Her poison was Mari-infused cake, her expectations were high and so was her curiosity, and in the end it played out very differently that she expected.
Now we all have that friend, the one who sings the praises of Mary Jane, calling her the healing of the nation, making it seem like she is the answer to all things. The promise that with her comes the opening of the cosmos, communion with the spirits, and a new awareness that will blow your mind. This is what my friend of a friend thought would be the outcome, she fully expected an experience worth writing home to mother about. She cleared out the memory shelf, right next to her top three orgasms, her food-speriment successes, and the high she gets from the small moments with her family.
I regret to inform that the space is still empty, as the experience did not live up to the hype. There was no riding the cosmos, no grand hallucinations, not even the described floating feeling. Which for a big girl is really really something to look forward to.
Instead she found herself feeling like her bones had dissolved, allowing her only enough energy to shuffle inelegantly to her bed, for about 36 hours. She slept and when she was forced to wake, she faced the world with eyes hard to focus, and constantly trying to roll back in her sockets. Her sense of balance was gone, which was kind of scary because she and gravity have been frenimies since day one. Very suddenly she was not in control of her body, having to fight for every movement. Trapped in a lethargy that her mind resented and very much wanted to be over.

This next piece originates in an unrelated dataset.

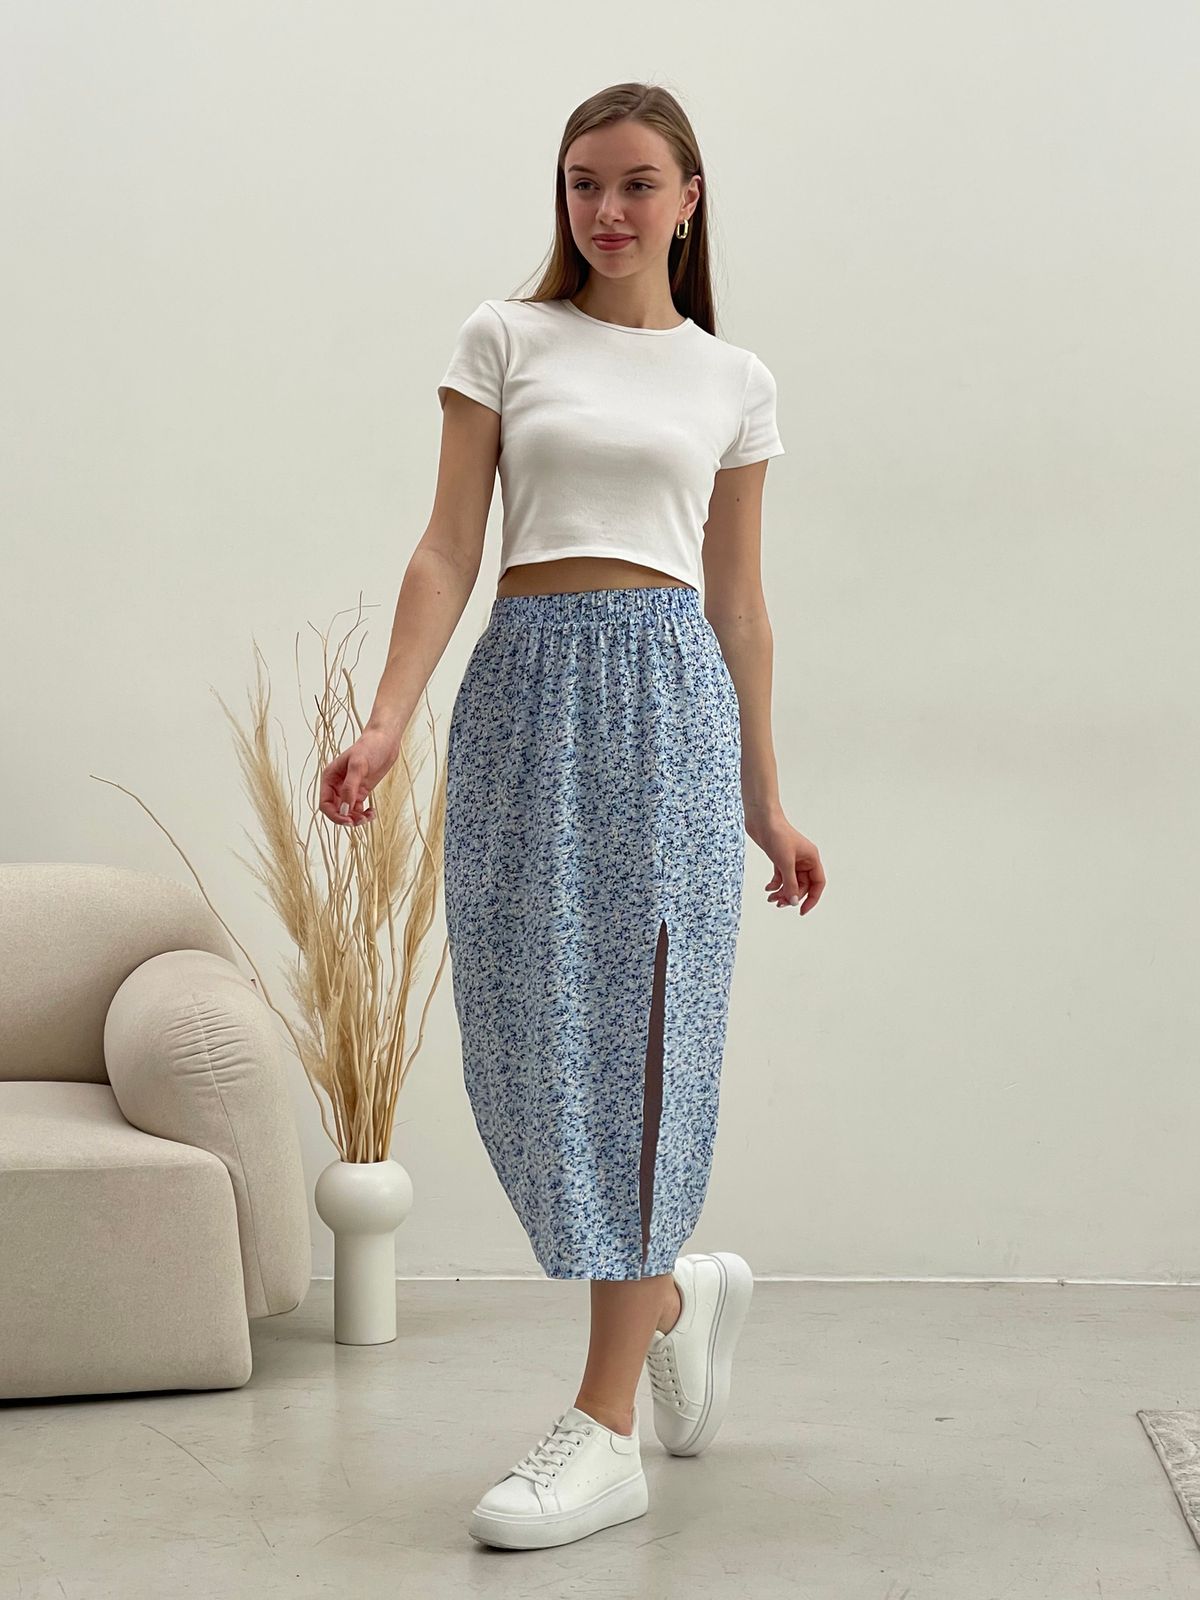 Купить Длинная женская юбка с разрезом в цветочек голубая Merlini Лакко 400001265 размер 42-44 (S-M) в интернет-магазине

That’s right, her mind was still there. Fully aware and able to process what was happening. It wondered many times, during what she now looks back on as “The ordeal”, why people tried to sell this thing so hard. There were people at the gathering acting like they had landed on cloud nine, when all she felt was the need to crawl into a dark cool place. Even the giggles were a momentary amusement.
What she did appreciate about the whole thing, and this is the weird part, is that all the voices that live in her head, for that period where quiet. The characters who live in her creative box, her doubts and fears, all the bad things were gone. Letting her think, while she waited for it to be over, on her plot, it let her look objectively on some issues she had been manfully avoiding and that was kinda nice. But with her doubts etc, also went her passion and excitement. And as she hashed out some ideas about a serial killer thriller she was writing, she also thought that maybe her compassion and a bit of her humanity had also gone MIA. The jury is still out on if that was a good thing.
Was it worth it? Maybe. maybe not. It’s still a toss up. One of the things as you may have gleaned that gives pause is the total loss of control, and the not seeing it coming. At least with alcohol you can feel your limit coming on.
Would she do it again? Again it’s a toss up, with a high probability of No.
Would she encourage others? No, she never advocated for being out of control of ones faculties. You get better highs from doing things, making achievements, maybe even hanging around with other people who get you, eating something dripping with chocolate or bacon, or if you need something really powerful, good – great sex. And none of those things comes with a warning label about driving or heavy machinery.
So that was her weed-sperience, and all in all it was a learning experience, and for a woman of science knowledge is what it’s all about. It may not have made the best high ever shelf, but it made the archive definitely.